[Task]
Print back each record unchanged, without pictures.

+++

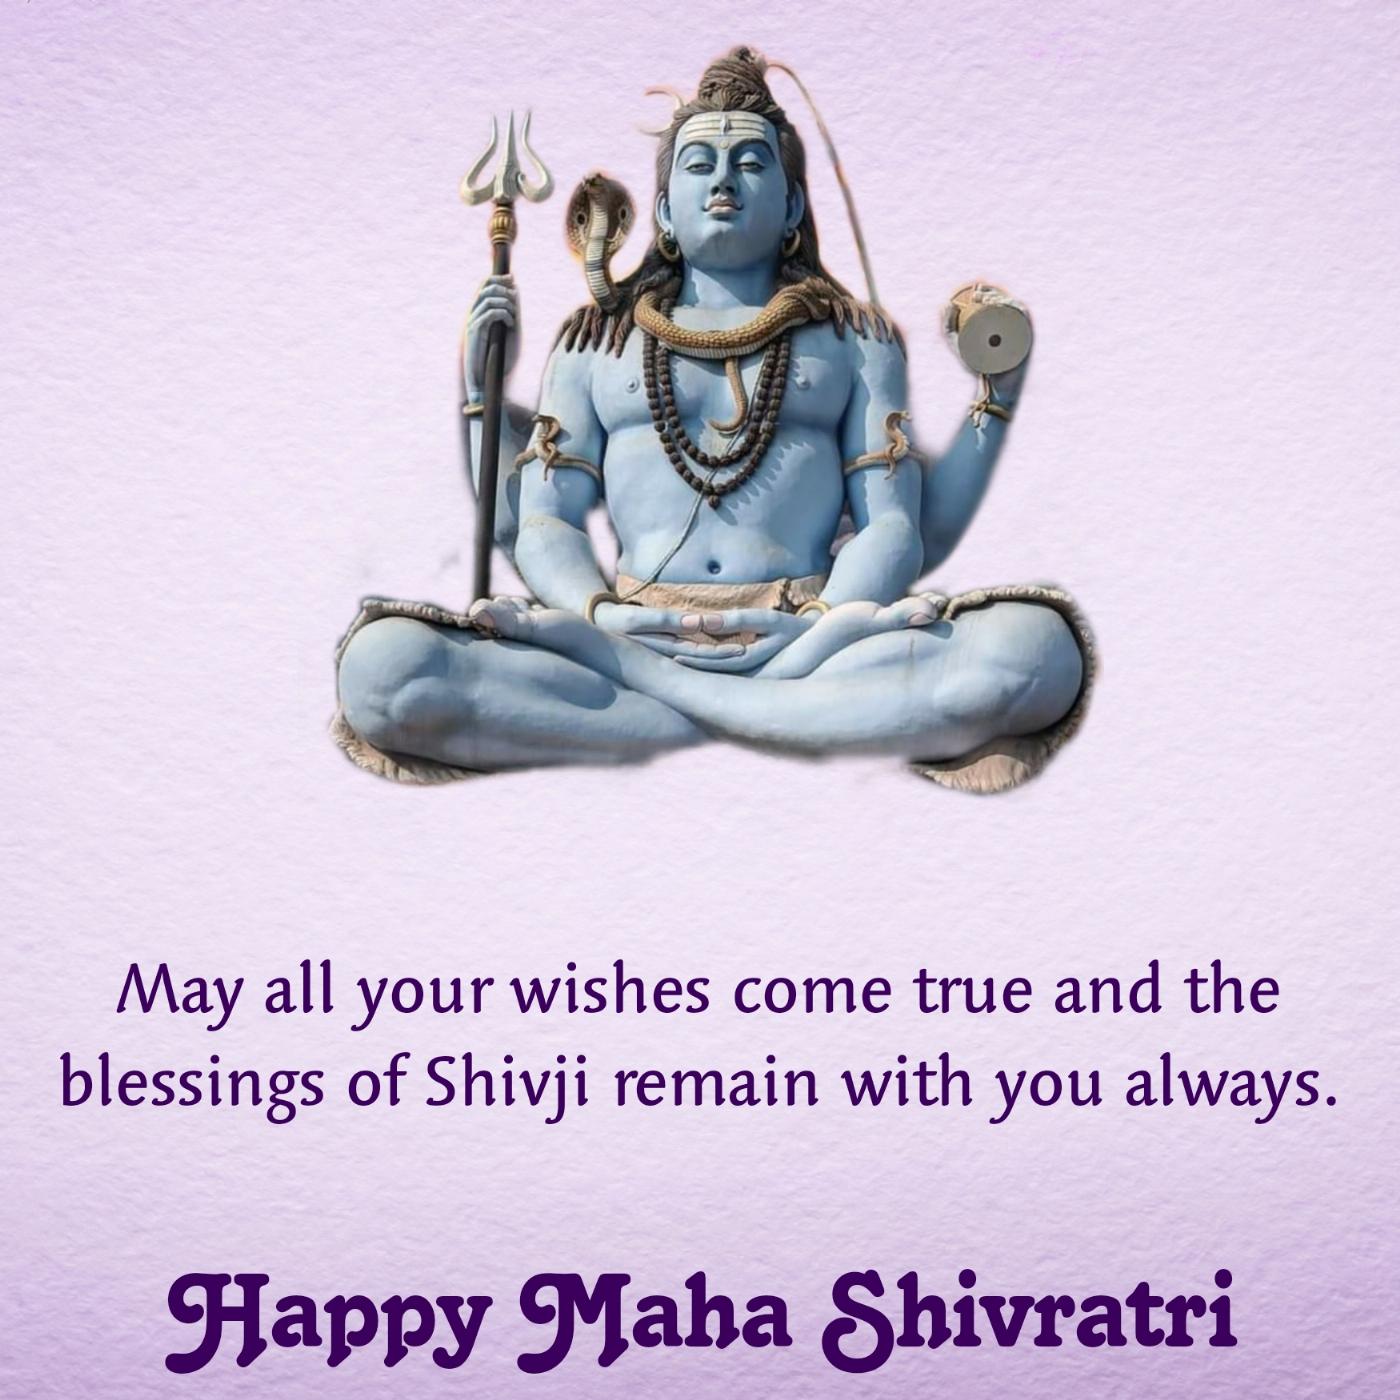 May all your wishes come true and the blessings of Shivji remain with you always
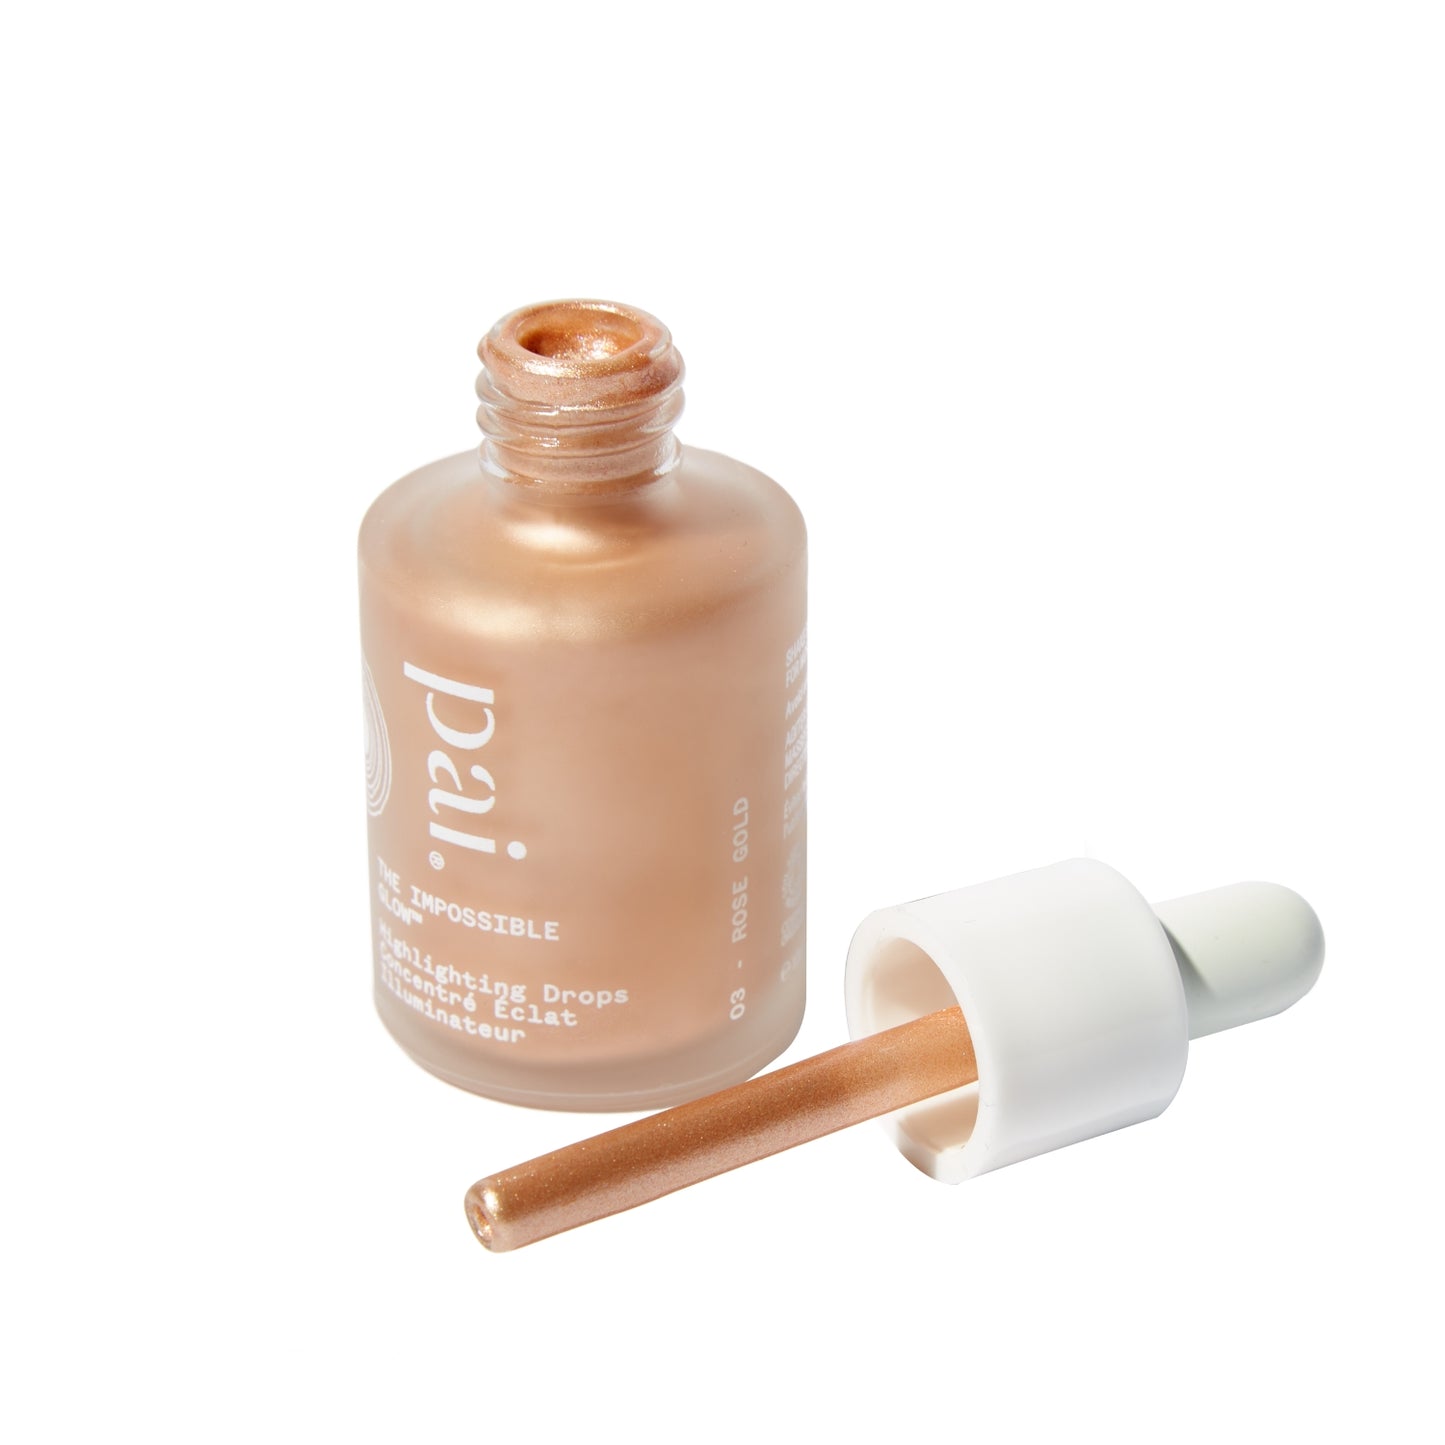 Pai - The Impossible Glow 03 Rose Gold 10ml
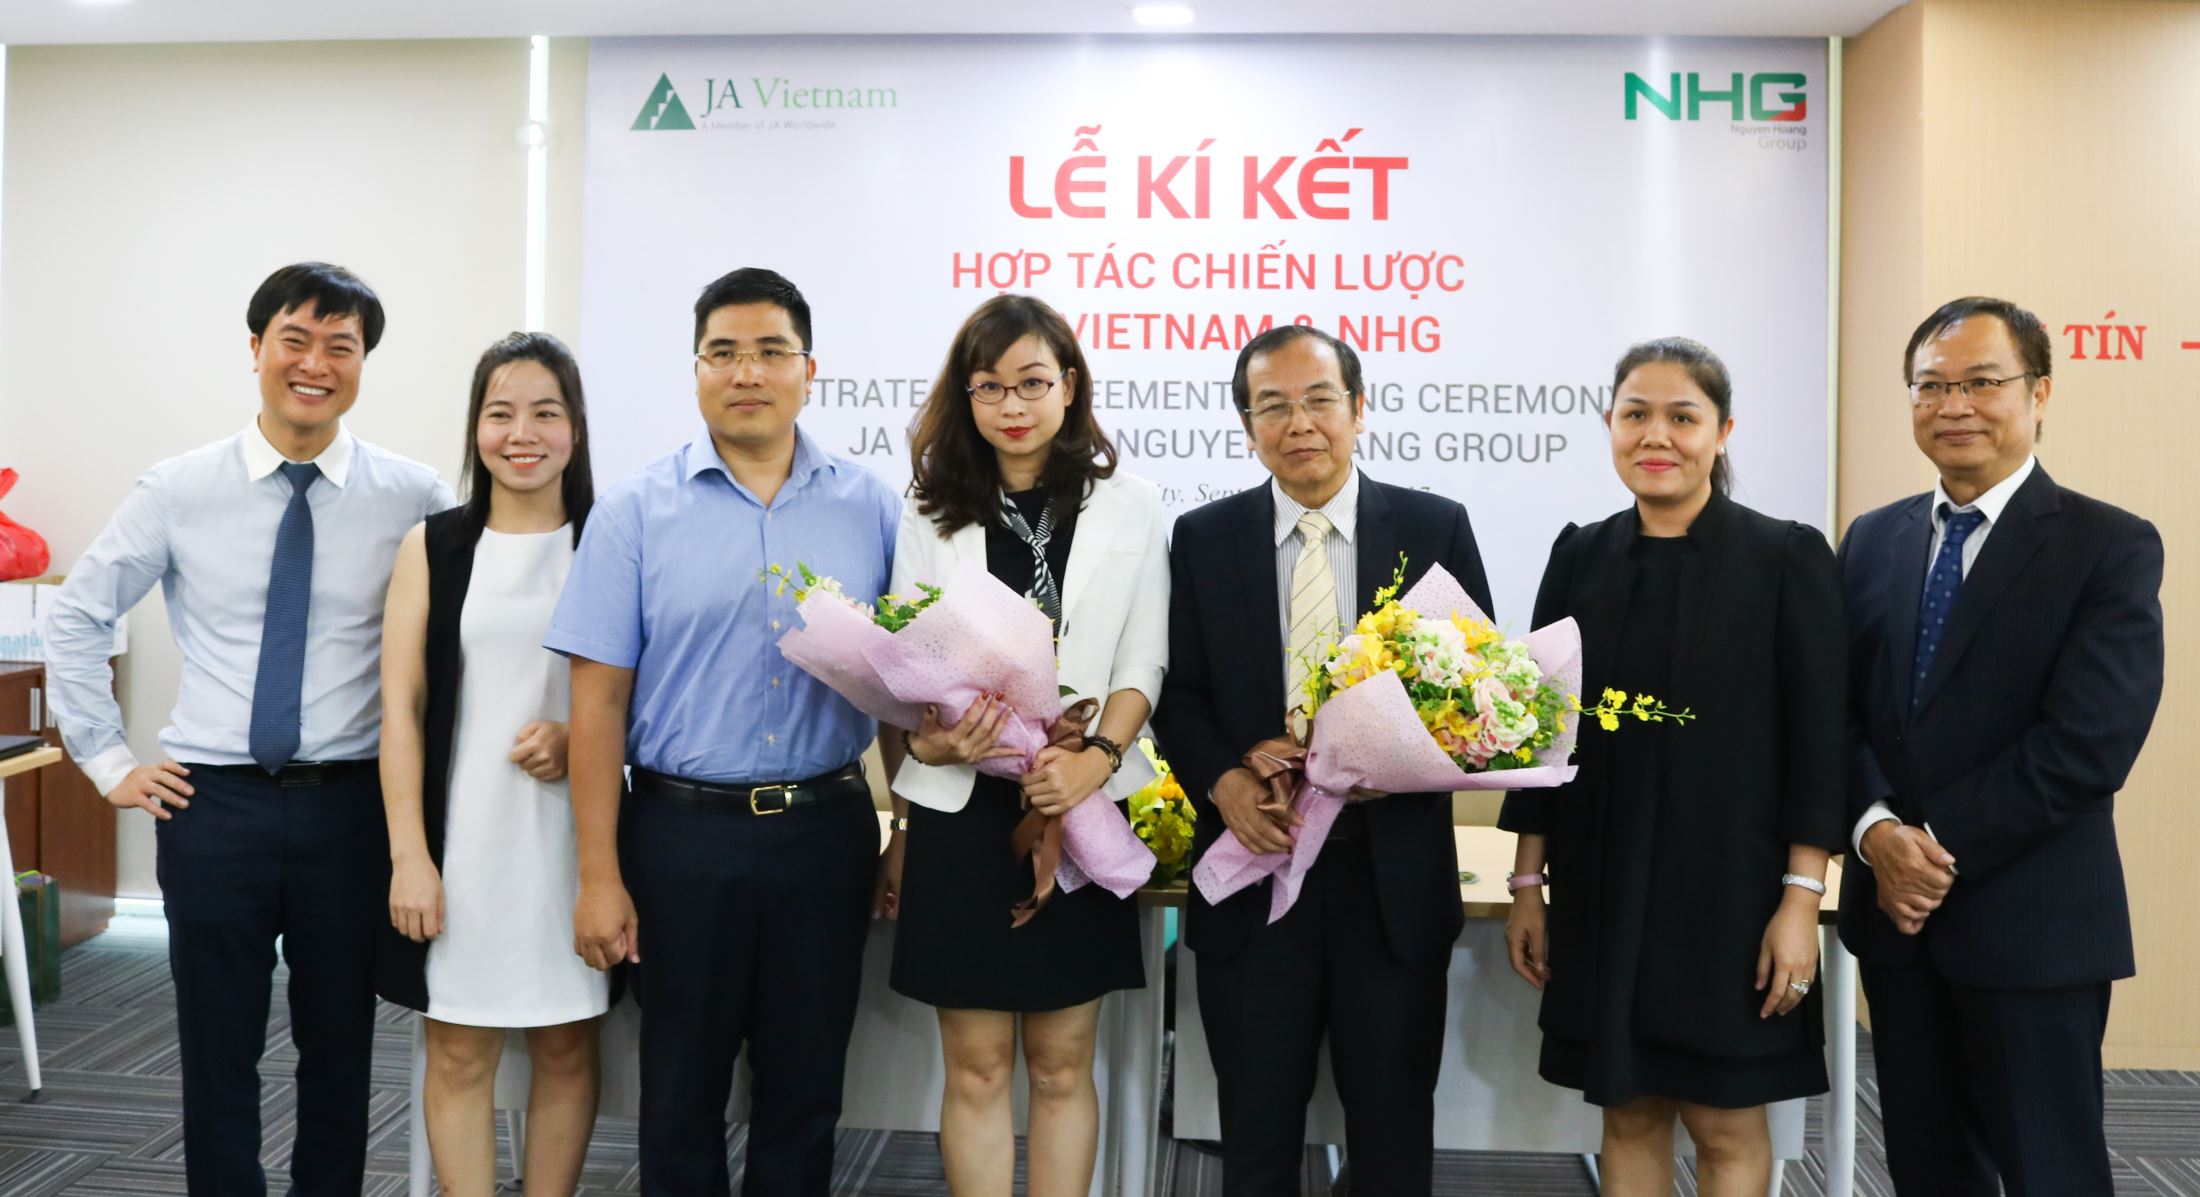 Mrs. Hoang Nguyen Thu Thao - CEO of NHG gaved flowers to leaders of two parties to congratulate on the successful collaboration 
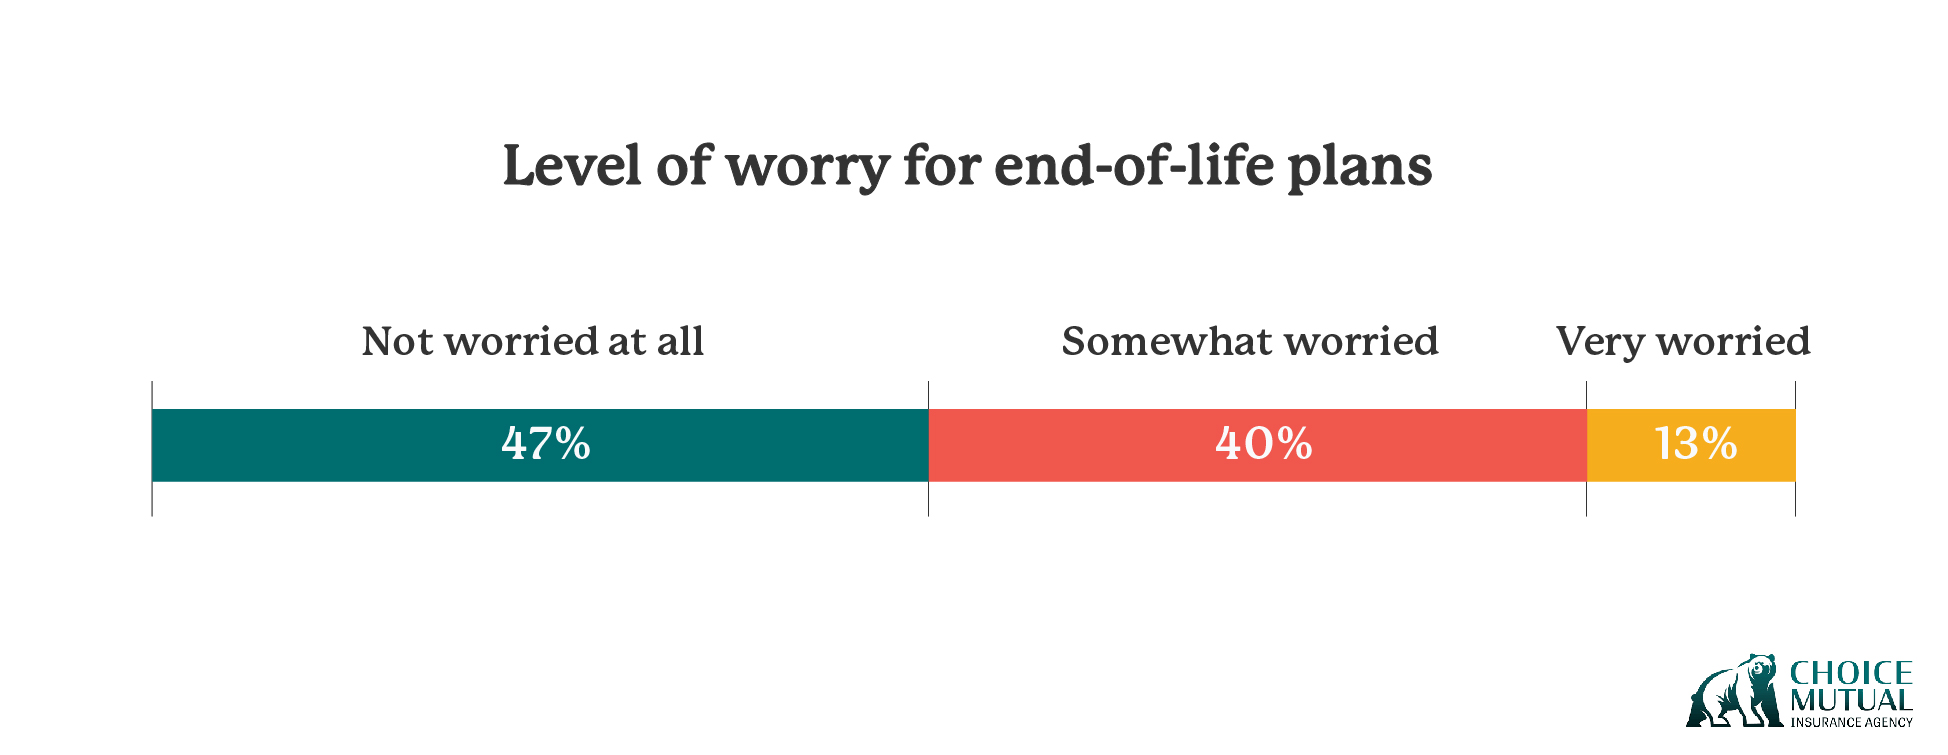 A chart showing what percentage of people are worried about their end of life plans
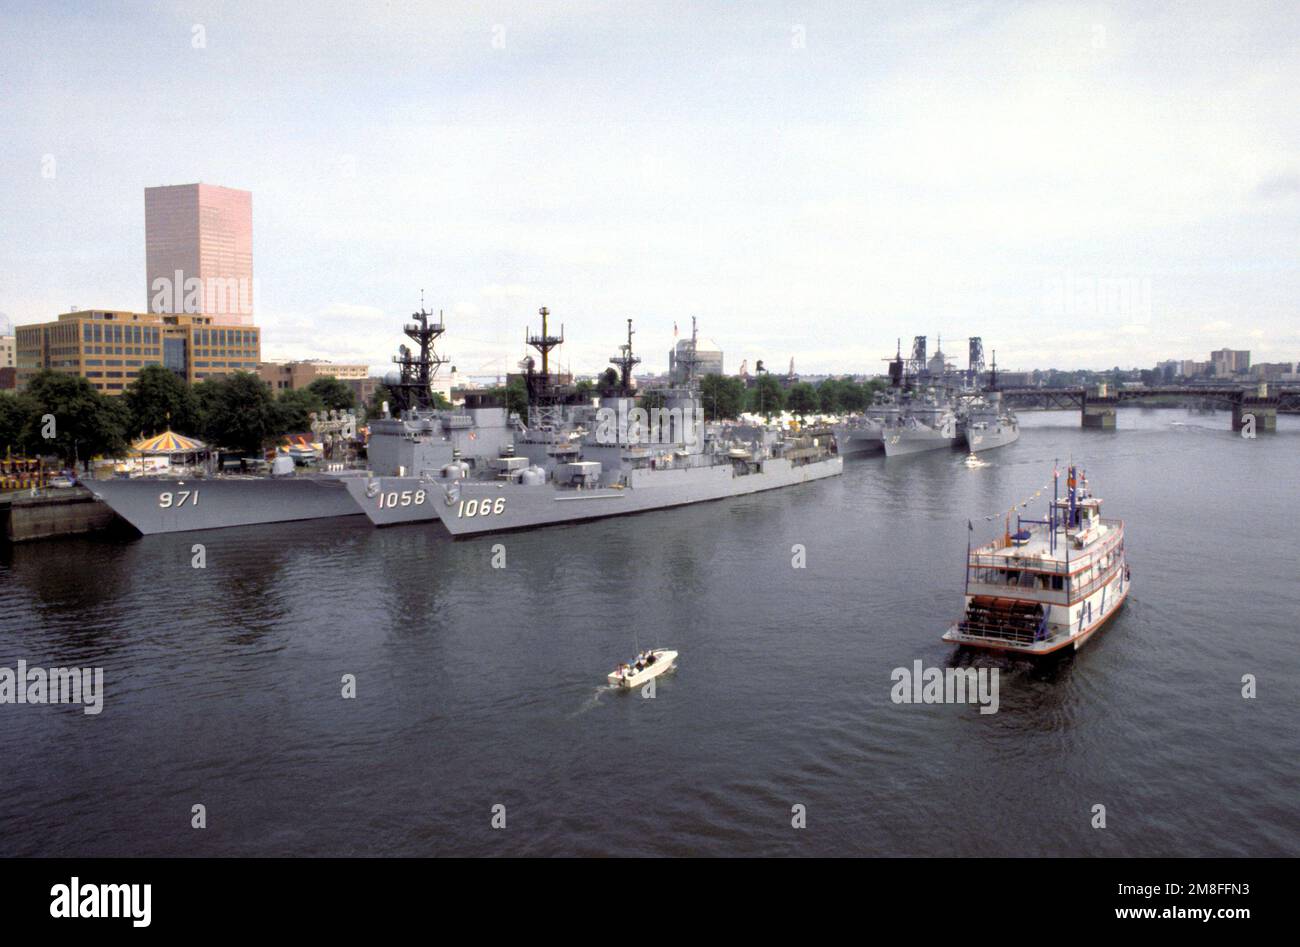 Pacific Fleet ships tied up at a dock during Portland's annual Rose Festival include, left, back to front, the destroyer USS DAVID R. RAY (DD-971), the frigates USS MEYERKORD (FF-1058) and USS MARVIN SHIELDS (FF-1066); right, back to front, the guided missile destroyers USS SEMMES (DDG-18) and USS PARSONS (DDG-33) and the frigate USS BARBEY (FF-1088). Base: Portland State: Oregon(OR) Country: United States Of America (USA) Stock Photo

+++

[Response to the exercise]
 May all your wishes come true and the blessings of Shivji remain with you always
 Pai - The Impossible Glow 03 Rose Gold 10ml
 Mrs. Hoang Nguyen Thu Thao - CEO of NHG gaved flowers to leaders of two parties to congratulate on the successful collaboration 
 A chart showing what percentage of people are worried about their end of life plans
 Pacific Fleet ships tied up at a dock during Portland's annual Rose Festival include, left, back to front, the destroyer USS DAVID R. RAY (DD-971), the frigates USS MEYERKORD (FF-1058) and USS MARVIN SHIELDS (FF-1066); right, back to front, the guided missile destroyers USS SEMMES (DDG-18) and USS PARSONS (DDG-33) and the frigate USS BARBEY (FF-1088). Base: Portland State: Oregon(OR) Country: United States Of America (USA) Stock Photo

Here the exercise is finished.